APIM was set to W3C but if you send a request to APIM using the header request-id it will not add traceparent to the backend requests and the whole chain fails.

I think the core issue is when no traceparent header is set, the AZ Runtime will create a TraceContext or at least the SDK will without respecting the existing request-id passed by APIM.

I've only been able to use the README's wrapper with context, req after I applied my patch - prior to that it would only link up for manual requests if used req, req or just req, null and it would continue to fail for requests with request-id as emitted by WebTests.

I've also tried switching the entire chain to Legacy but that yield the same faulty outcome.

You can repro it simply by using WebTest -> APIM -> AZFunc; You will see them as 2 clusters:

  1. APIM -> Backend
  2. AZFunc

Without any glue/link between the two clusters.

hectorhdzg commented 3 years ago

Thanks for your patience @f0o I'm following with internal teams involved, will keep you updated.

f0o commented 3 years ago

@hectorhdzg I think it could get fixed if we would inherit the traceparent object extracted from the http-parser instead of just tossed into the custom-props then the whole if-else thing would go away.

my JS/TS is very rusty so I just went with the most obvious solution after I found out that startOperation(req) yields the correct behavior.

I'll run a test with checking for parser.getCorrelationContextHeader() and inherit those as traceparent/state values.

hectorhdzg commented 3 years ago

@f0o I'm still waiting for Azure Functions people to get more specifics regarding this, I can see Azure Functions being able to correctly handle both Legacy and W3C headers and populate context.traceContext correctly, I'm using following code to test Azure Function and sending headers through Postman both "request-id" and "traceparent", apparently "Code + Test" blade in Azure portal is not sending the headers as expected, at least for me, can you give it a try?

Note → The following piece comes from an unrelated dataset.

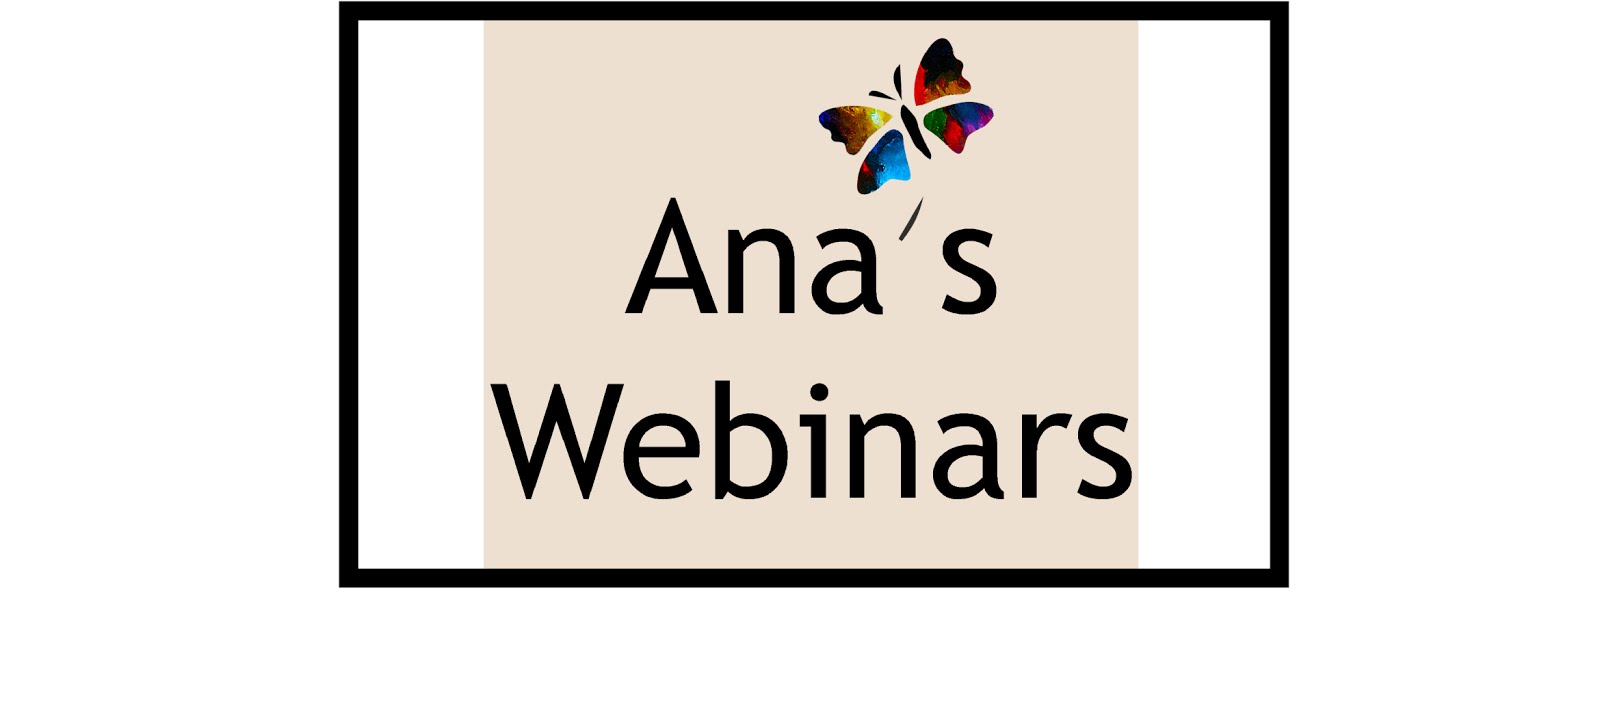 Ana's Webinars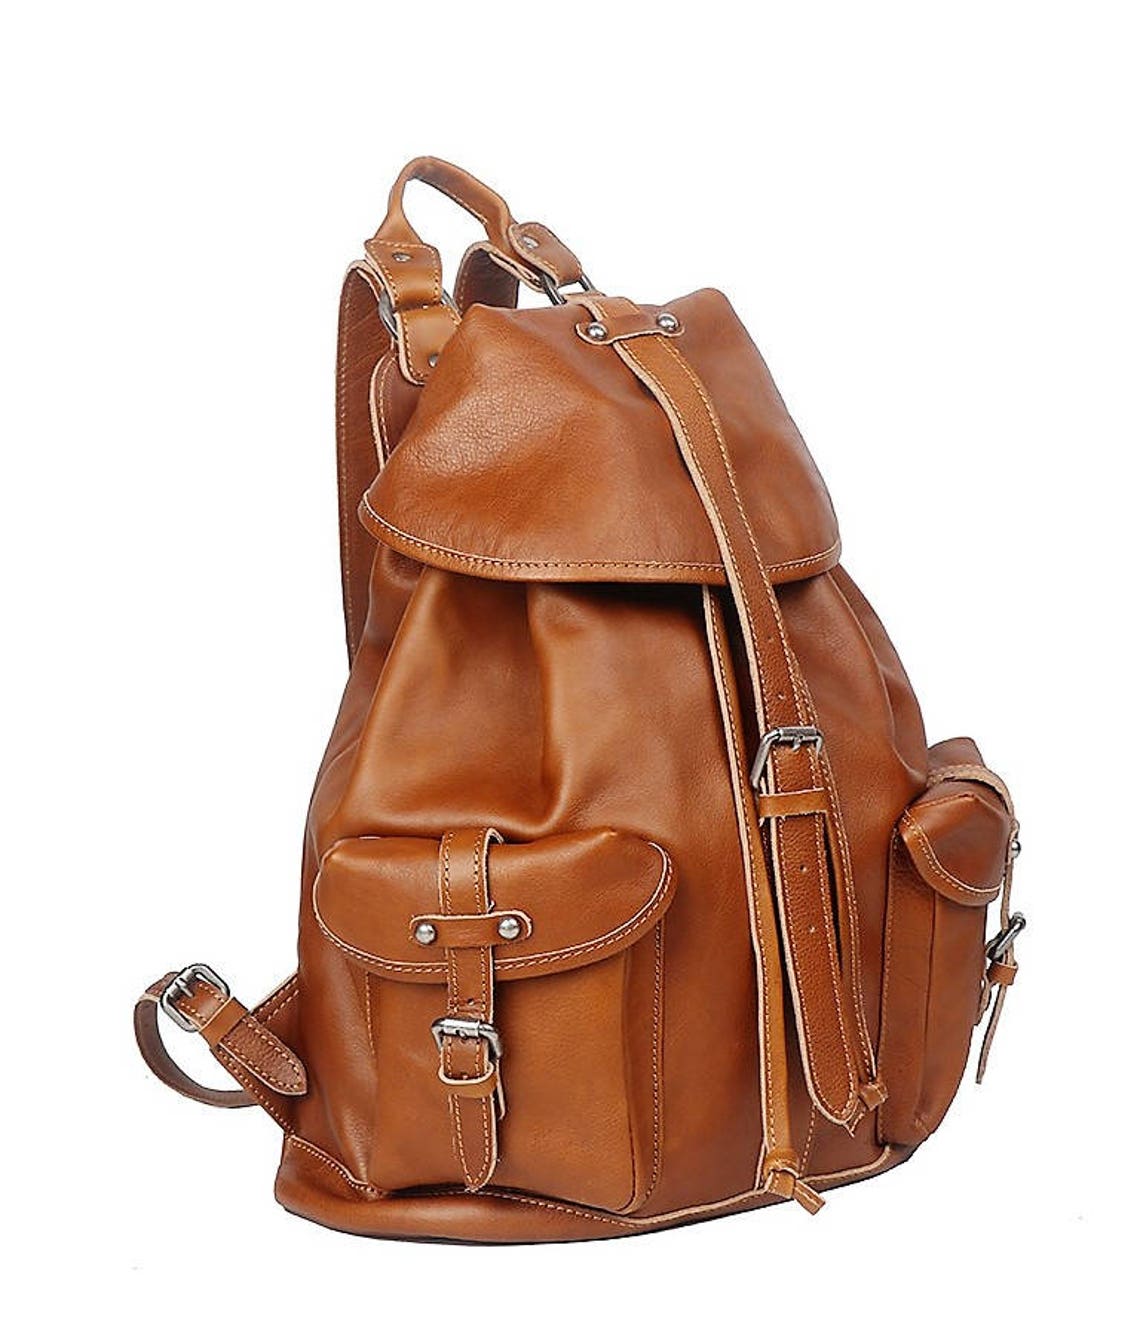 Leather Backpack Diaper Bag Backpack Diaper Bag Leather | Etsy

I wonder if there was some issue that was recently fixed in their side.

import { AzureFunction, Context, HttpRequest } from "@azure/functions"
const httpTrigger: AzureFunction = async function (context: Context, req: HttpRequest): Promise<void> {
    context.log('HTTP trigger function processed a request.');
    context.res = {
        body: JSON.stringify(context)
    };
};
export default httpTrigger;
f0o commented 3 years ago

@hectorhdzg I can get a test running on the weekend hopefully; tied up in travels right now.

But from what I recall from my notes is that CorrelationContextManager.ts does not honor the HTTP header request-id (specifically when only request-id is sent) that's been passed/enriched by APIM.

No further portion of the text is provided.